═════ EXCERPTED DATA

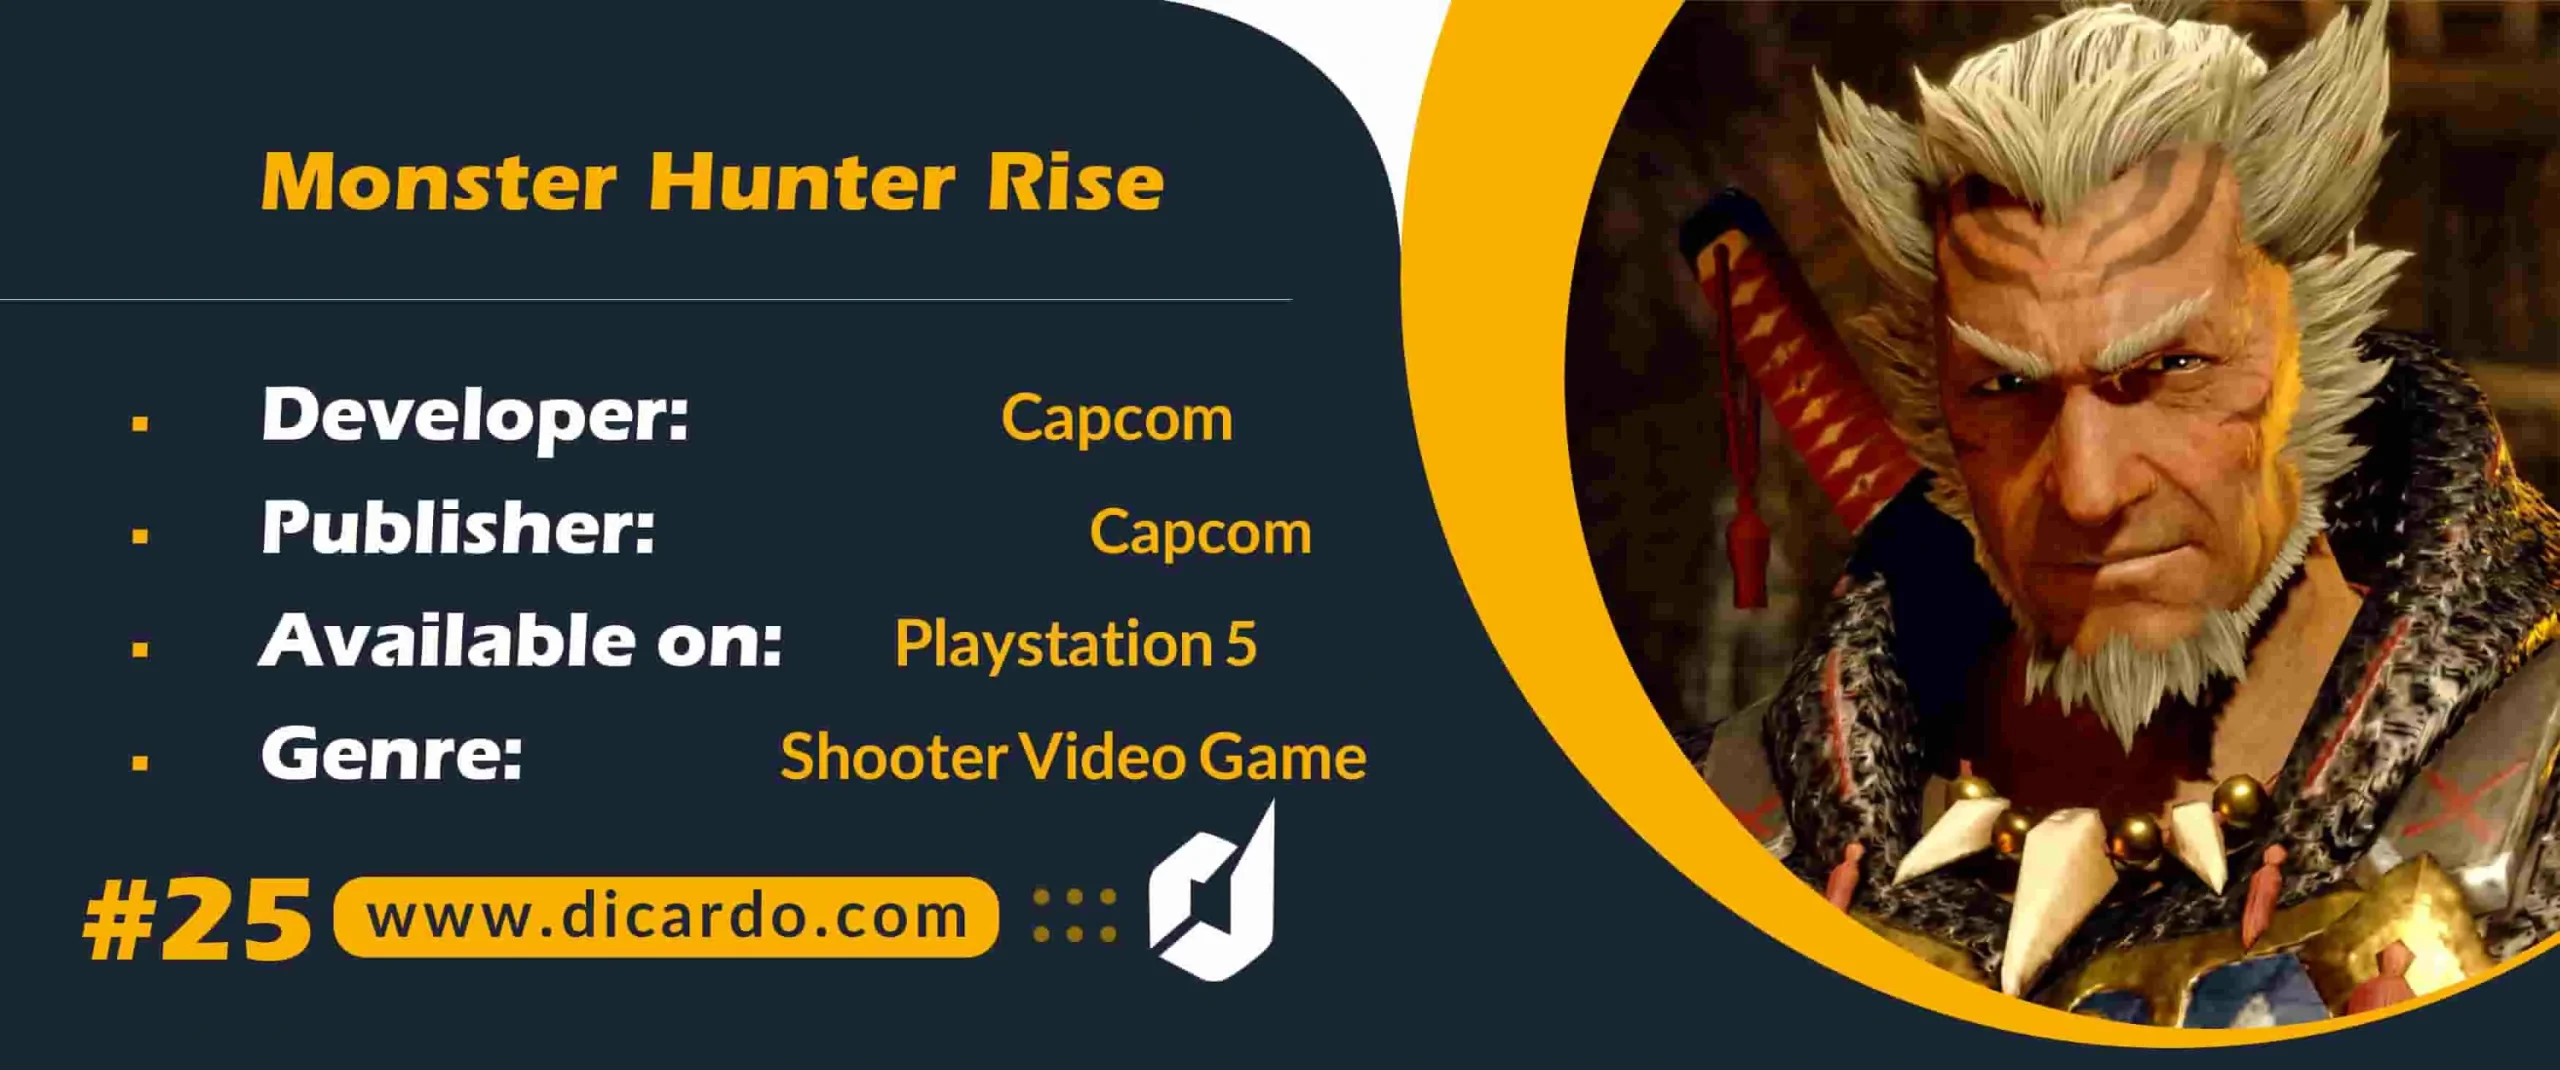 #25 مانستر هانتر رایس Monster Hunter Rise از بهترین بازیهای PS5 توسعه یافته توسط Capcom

══════════
═════ EXCERPTED DATA

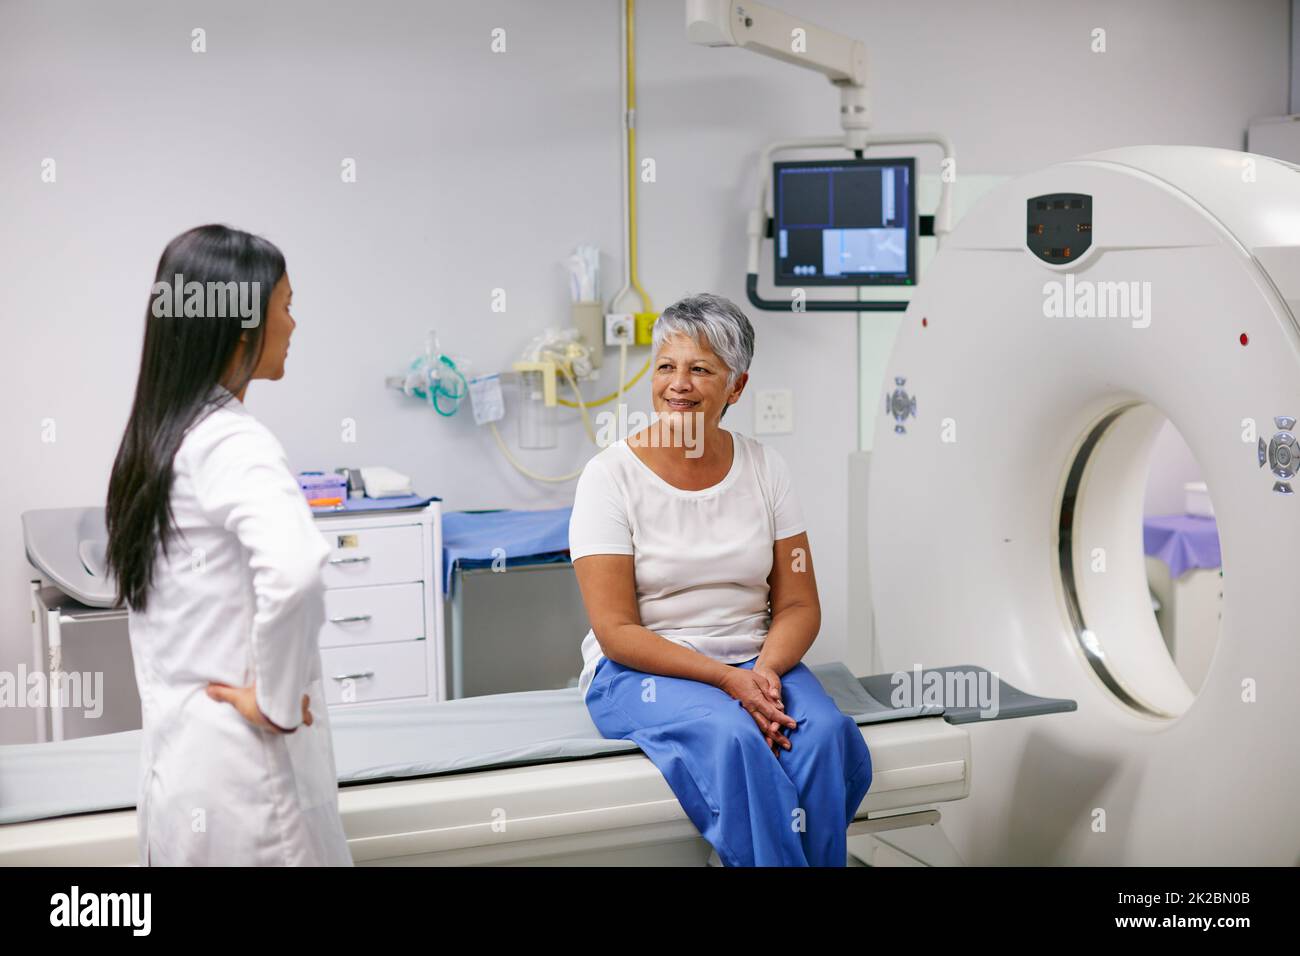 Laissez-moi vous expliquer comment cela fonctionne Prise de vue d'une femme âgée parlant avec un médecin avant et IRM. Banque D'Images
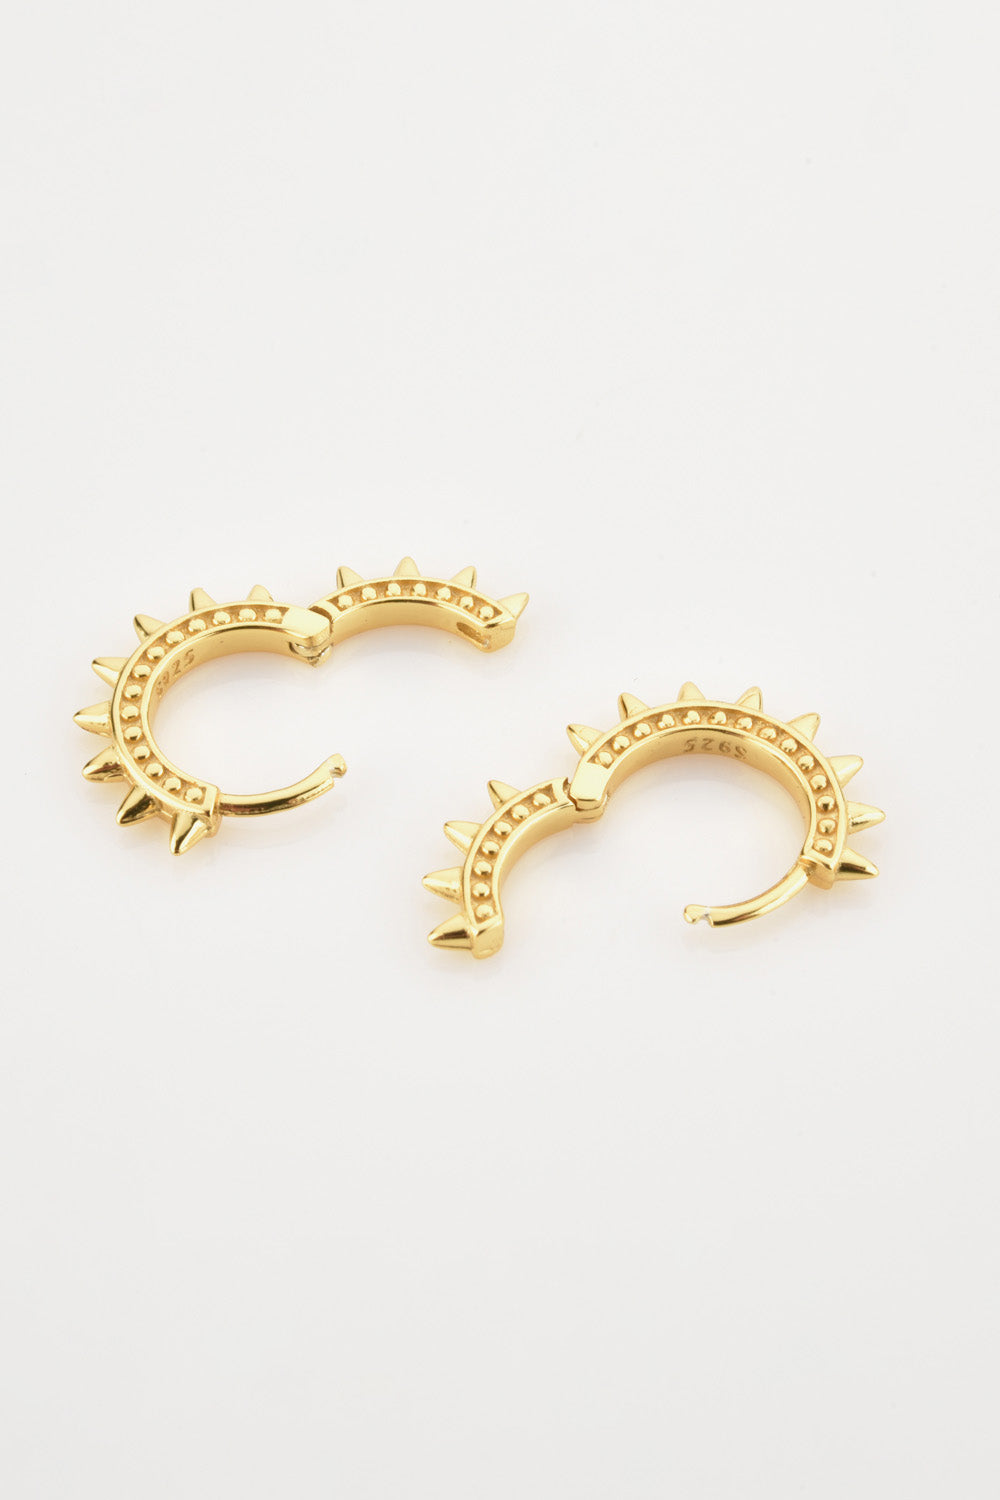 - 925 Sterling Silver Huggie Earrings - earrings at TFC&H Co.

══════════

WHAT YOU ARE ASKED TO DO
Look above for the line with "Laissez-moi vous expliquer" and the line with "- 925 Sterling", then copy exactly the lines from the first through the second, both kept, with no pictures.

RESPONSE TO THE EXERCISE
 Laissez-moi vous expliquer comment cela fonctionne Prise de vue d'une femme âgée parlant avec un médecin avant et IRM. Banque D'Images
 - 925 Sterling Silver Huggie Earrings - earrings at TFC&H Co.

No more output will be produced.